Data extracted from a collection
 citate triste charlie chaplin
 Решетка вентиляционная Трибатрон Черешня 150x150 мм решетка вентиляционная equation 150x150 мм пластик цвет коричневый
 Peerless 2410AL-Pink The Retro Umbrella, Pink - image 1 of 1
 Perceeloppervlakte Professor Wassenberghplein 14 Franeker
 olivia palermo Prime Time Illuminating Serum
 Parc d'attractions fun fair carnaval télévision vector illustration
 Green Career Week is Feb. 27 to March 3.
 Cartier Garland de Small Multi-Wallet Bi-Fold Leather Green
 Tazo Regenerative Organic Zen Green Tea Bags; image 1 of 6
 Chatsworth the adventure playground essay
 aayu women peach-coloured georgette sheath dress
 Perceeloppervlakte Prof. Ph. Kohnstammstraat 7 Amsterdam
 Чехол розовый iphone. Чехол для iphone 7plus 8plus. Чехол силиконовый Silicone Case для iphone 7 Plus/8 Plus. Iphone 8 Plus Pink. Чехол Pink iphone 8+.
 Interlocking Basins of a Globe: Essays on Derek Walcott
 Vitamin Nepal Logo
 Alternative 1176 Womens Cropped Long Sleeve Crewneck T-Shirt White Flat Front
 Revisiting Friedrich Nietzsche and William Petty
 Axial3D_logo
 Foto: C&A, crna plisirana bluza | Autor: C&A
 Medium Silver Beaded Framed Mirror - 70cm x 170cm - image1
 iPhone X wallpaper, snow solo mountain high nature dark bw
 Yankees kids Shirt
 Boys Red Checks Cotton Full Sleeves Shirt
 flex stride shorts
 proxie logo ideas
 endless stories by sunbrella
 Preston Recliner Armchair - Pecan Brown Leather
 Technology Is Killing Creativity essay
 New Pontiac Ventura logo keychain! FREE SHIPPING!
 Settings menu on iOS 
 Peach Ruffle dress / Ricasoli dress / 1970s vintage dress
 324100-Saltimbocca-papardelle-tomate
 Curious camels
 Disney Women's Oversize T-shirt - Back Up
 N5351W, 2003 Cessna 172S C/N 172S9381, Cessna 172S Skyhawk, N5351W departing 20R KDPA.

How to complete this task »
Begin with the line that contains "Medium Silver Beaded" and end with the last line of the records; set down every line in that span exactly, and nothing else.

Task response »
 Medium Silver Beaded Framed Mirror - 70cm x 170cm - image1
 iPhone X wallpaper, snow solo mountain high nature dark bw
 Yankees kids Shirt
 Boys Red Checks Cotton Full Sleeves Shirt
 flex stride shorts
 proxie logo ideas
 endless stories by sunbrella
 Preston Recliner Armchair - Pecan Brown Leather
 Technology Is Killing Creativity essay
 New Pontiac Ventura logo keychain! FREE SHIPPING!
 Settings menu on iOS 
 Peach Ruffle dress / Ricasoli dress / 1970s vintage dress
 324100-Saltimbocca-papardelle-tomate
 Curious camels
 Disney Women's Oversize T-shirt - Back Up
 N5351W, 2003 Cessna 172S C/N 172S9381, Cessna 172S Skyhawk, N5351W departing 20R KDPA.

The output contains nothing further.